_TASK STATEMENT_: The data below holds the lines to copy: everything from the line containing "Boy Swimming In Water" to the line containing "CUADERNO MATEMÁTICAS 3-2o.PRIMARIA.", both ends included, set down exactly.

── MATERIAL SHOWN ──

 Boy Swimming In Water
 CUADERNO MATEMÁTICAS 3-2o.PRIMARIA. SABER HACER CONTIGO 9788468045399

───
── MATERIAL SHOWN ──

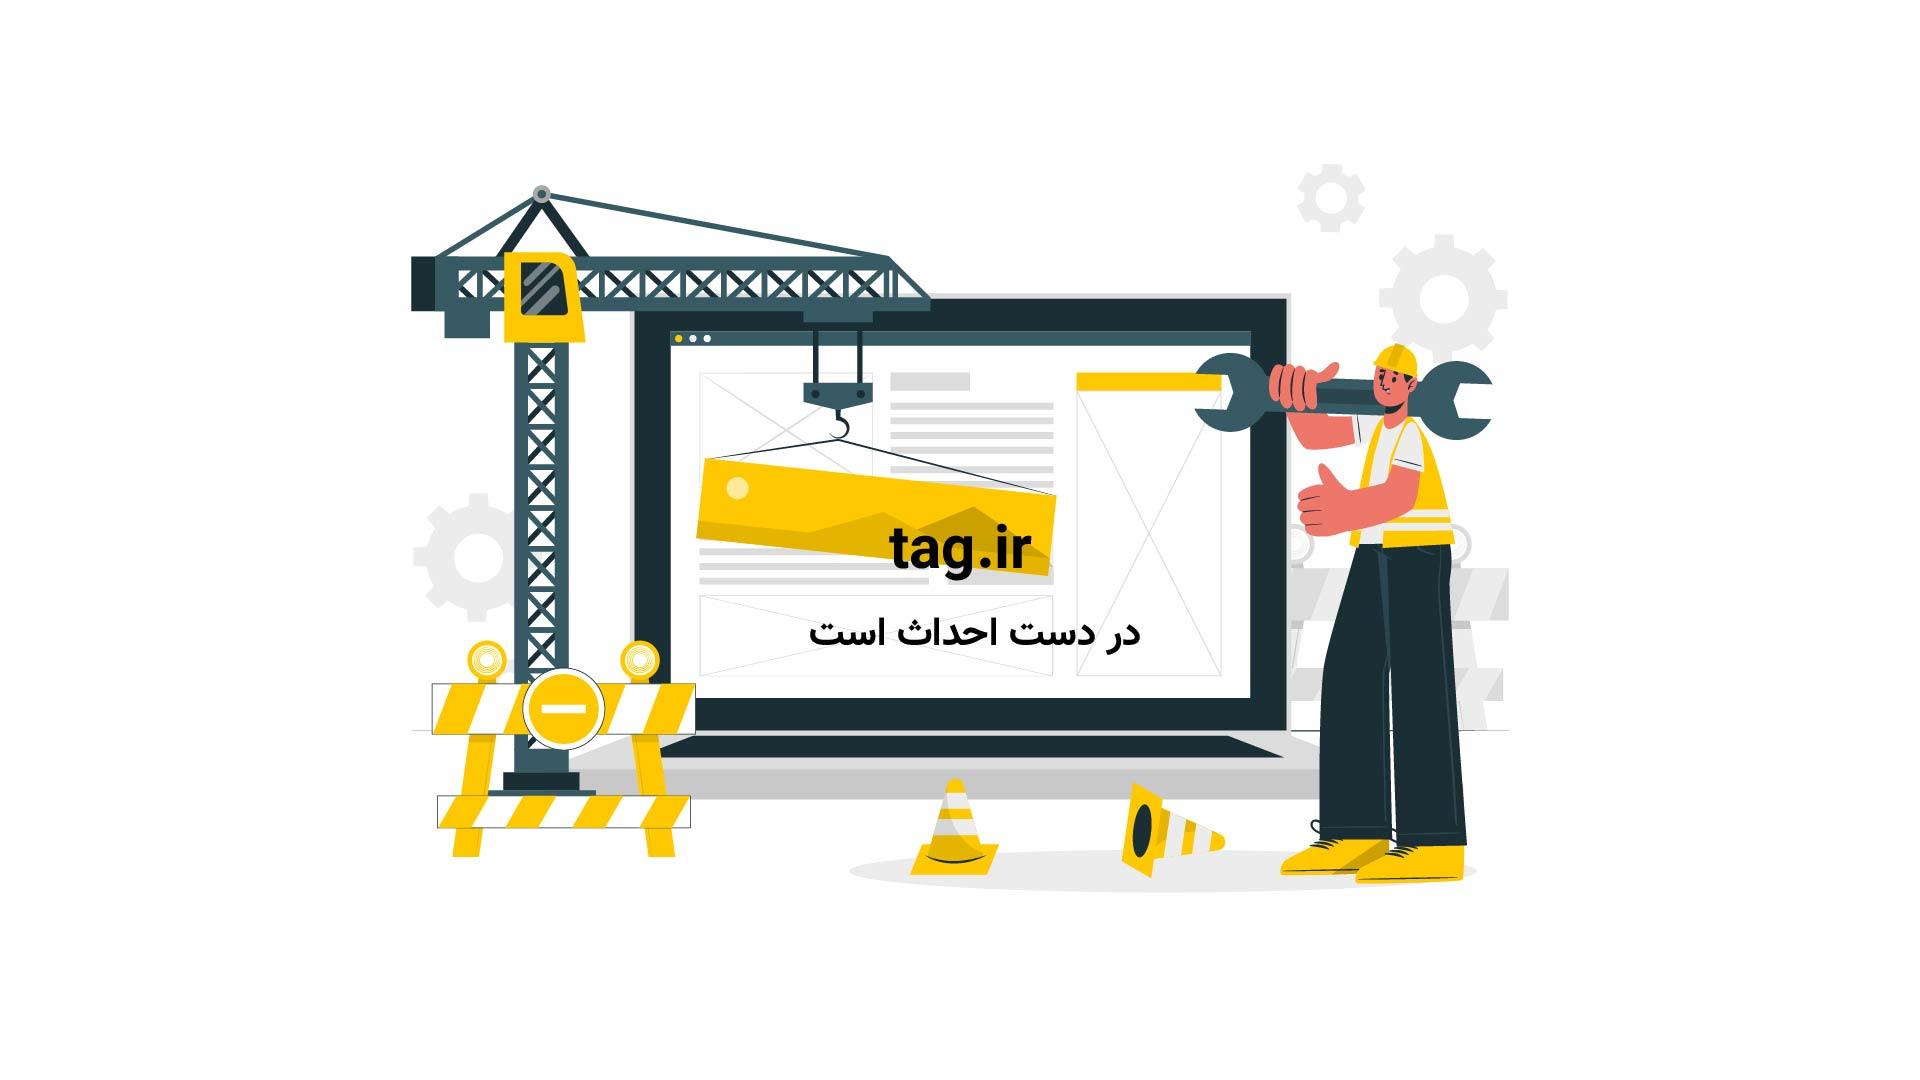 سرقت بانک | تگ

───

_EXPECTED ANSWER_:
 Boy Swimming In Water
 CUADERNO MATEMÁTICAS 3-2o.PRIMARIA. SABER HACER CONTIGO 9788468045399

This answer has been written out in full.